**How to complete this task:** Only the lines from the start of the data through the one containing "9ct gold snake" belong in your answer; return them exactly.

**Data to process:**
___

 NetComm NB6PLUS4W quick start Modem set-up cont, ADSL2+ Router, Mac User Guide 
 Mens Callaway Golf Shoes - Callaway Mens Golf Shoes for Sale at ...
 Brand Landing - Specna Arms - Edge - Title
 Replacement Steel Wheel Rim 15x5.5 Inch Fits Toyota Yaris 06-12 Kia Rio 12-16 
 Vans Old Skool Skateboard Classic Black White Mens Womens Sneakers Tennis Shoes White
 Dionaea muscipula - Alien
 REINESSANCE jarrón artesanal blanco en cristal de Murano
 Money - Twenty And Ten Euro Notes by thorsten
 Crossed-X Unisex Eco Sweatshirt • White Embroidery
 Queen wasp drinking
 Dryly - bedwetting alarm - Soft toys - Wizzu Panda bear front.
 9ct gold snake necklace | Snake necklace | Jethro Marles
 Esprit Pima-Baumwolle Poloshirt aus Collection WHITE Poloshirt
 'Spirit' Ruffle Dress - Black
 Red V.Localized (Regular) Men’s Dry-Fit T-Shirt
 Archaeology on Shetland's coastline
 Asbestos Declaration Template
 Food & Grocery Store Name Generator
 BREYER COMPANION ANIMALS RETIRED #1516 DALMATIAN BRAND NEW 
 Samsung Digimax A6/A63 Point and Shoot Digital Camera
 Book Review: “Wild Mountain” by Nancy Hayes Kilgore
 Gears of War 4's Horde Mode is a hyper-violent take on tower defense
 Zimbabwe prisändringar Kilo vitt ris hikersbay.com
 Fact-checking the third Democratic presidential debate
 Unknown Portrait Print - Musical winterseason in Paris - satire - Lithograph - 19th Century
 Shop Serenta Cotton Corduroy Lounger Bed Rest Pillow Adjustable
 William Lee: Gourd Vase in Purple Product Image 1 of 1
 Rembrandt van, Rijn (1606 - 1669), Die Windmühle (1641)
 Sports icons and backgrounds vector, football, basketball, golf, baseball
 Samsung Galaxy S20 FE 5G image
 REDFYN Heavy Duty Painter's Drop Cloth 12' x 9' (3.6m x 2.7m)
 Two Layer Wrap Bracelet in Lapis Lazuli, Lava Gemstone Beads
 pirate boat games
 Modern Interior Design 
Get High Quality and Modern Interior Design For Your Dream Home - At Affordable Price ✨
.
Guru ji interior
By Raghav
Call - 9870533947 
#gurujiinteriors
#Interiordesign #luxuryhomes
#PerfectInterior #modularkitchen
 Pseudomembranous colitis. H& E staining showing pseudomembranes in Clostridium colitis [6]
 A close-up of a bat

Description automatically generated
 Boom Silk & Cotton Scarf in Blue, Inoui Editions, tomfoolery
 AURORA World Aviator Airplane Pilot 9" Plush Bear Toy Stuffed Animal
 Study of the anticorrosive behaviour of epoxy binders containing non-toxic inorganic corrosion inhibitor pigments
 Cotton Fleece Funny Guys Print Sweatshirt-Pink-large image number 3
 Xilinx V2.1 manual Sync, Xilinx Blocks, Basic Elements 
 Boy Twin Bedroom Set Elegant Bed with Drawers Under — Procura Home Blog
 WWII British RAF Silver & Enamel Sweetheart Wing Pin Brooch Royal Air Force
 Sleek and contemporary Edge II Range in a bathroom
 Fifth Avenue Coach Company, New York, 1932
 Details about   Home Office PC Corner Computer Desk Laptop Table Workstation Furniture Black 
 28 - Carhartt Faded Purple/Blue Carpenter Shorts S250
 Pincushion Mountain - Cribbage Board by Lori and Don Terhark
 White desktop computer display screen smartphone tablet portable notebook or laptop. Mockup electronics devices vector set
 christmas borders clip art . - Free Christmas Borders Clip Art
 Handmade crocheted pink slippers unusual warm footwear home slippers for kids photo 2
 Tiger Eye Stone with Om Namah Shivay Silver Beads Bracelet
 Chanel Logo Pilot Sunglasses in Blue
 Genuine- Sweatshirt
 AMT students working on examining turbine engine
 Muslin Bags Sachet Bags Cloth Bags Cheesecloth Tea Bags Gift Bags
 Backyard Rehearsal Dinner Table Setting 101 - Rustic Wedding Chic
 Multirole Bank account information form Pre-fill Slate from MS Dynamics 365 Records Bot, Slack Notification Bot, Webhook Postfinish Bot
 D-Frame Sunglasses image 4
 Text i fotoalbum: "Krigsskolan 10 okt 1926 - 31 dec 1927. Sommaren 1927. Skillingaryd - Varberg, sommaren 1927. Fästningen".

___

**Problem solution:**
 NetComm NB6PLUS4W quick start Modem set-up cont, ADSL2+ Router, Mac User Guide 
 Mens Callaway Golf Shoes - Callaway Mens Golf Shoes for Sale at ...
 Brand Landing - Specna Arms - Edge - Title
 Replacement Steel Wheel Rim 15x5.5 Inch Fits Toyota Yaris 06-12 Kia Rio 12-16 
 Vans Old Skool Skateboard Classic Black White Mens Womens Sneakers Tennis Shoes White
 Dionaea muscipula - Alien
 REINESSANCE jarrón artesanal blanco en cristal de Murano
 Money - Twenty And Ten Euro Notes by thorsten
 Crossed-X Unisex Eco Sweatshirt • White Embroidery
 Queen wasp drinking
 Dryly - bedwetting alarm - Soft toys - Wizzu Panda bear front.
 9ct gold snake necklace | Snake necklace | Jethro Marles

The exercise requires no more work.